Annuncio di gioia, dunque, e di vita! E annuncio di gioia destinato a tutti e che raggiunge tutti, come questa donna samaritana, disprezzata dal popolo della Giudea, considerata non ortodossa quanto alla purezza della fede e al luogo di culto, donna con cui Gesù, sfidando tutte le consuetudini, si sofferma a parlare; non solo, ma si sofferma a parlare con lei non offrendo, non imponendosi come colui che dà e che fa del bene all’altro, ma come colui che ha bisogno, come colui che fa sentire l’altro importante in quanto possiede e può donargli qualcosa che lui non ha: “Dammi da bere” (v. 7).

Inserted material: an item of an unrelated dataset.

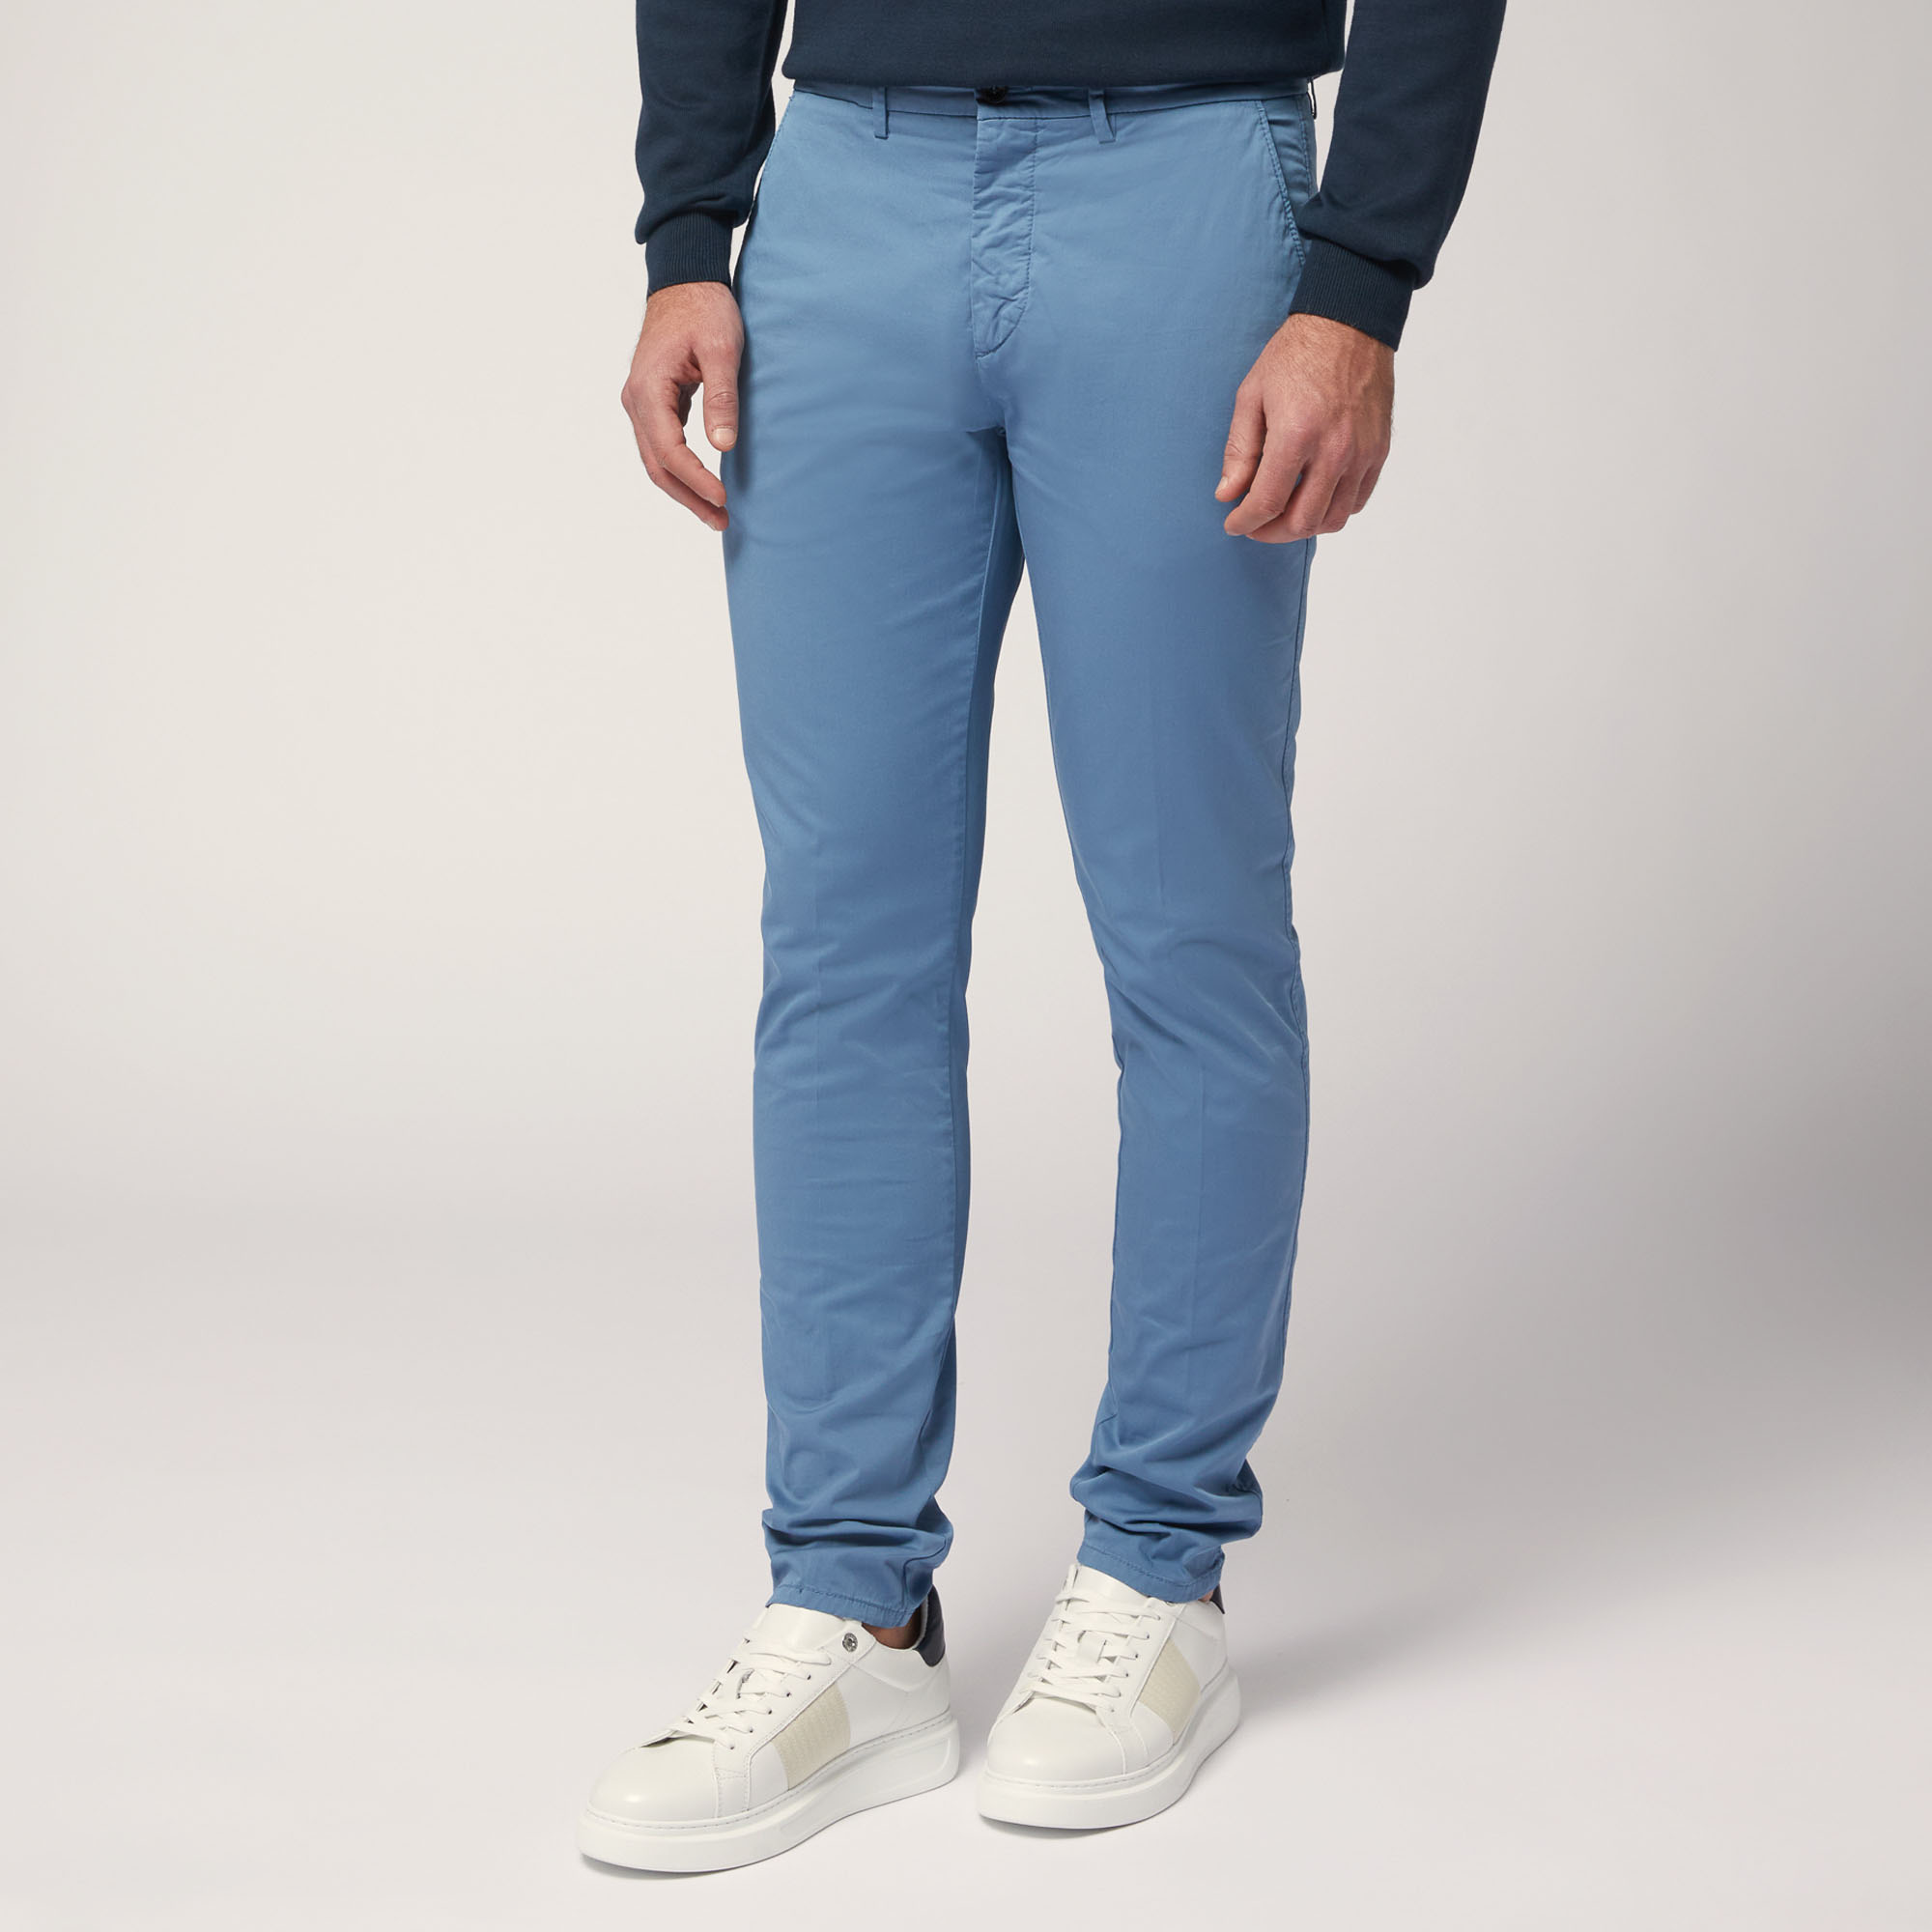 Pantaloni Chino Narrow Fit, Blu, large

Sì, il Signore si pone di fronte agli uomini come un mendicante che bussa alla nostra porta (cf. Ap 3,20), come colui che ha bisogno di noi, che ci chiede di donargli qualcosa di cui è privo e indigente; Gesù pone in alto coloro che ha di fronte, e si pone lui in basso, quale colui che riceve, che ha bisogno. Gesù fa crescere le persone davanti a sé, senza umiliarle con l’imporre loro i suoi doni, e anche in questo egli fa rinascere le vite, anche umanamente, come vite portatrici di senso, come vite che possono donare perché anzitutto restituite a se stesse e rese consapevoli di se stesse.

Ma poi, proprio in quanto rese a se stesse e dunque capaci a loro volta di accogliere il dono, Gesù rivela il dono che egli porta, che offre, per la vita di coloro che ha davanti.

Viviamo noi la nostra vita nella logica dell’obbligo, che è propria dello schiavo, oppure in quella del dono, che è propria del figlio?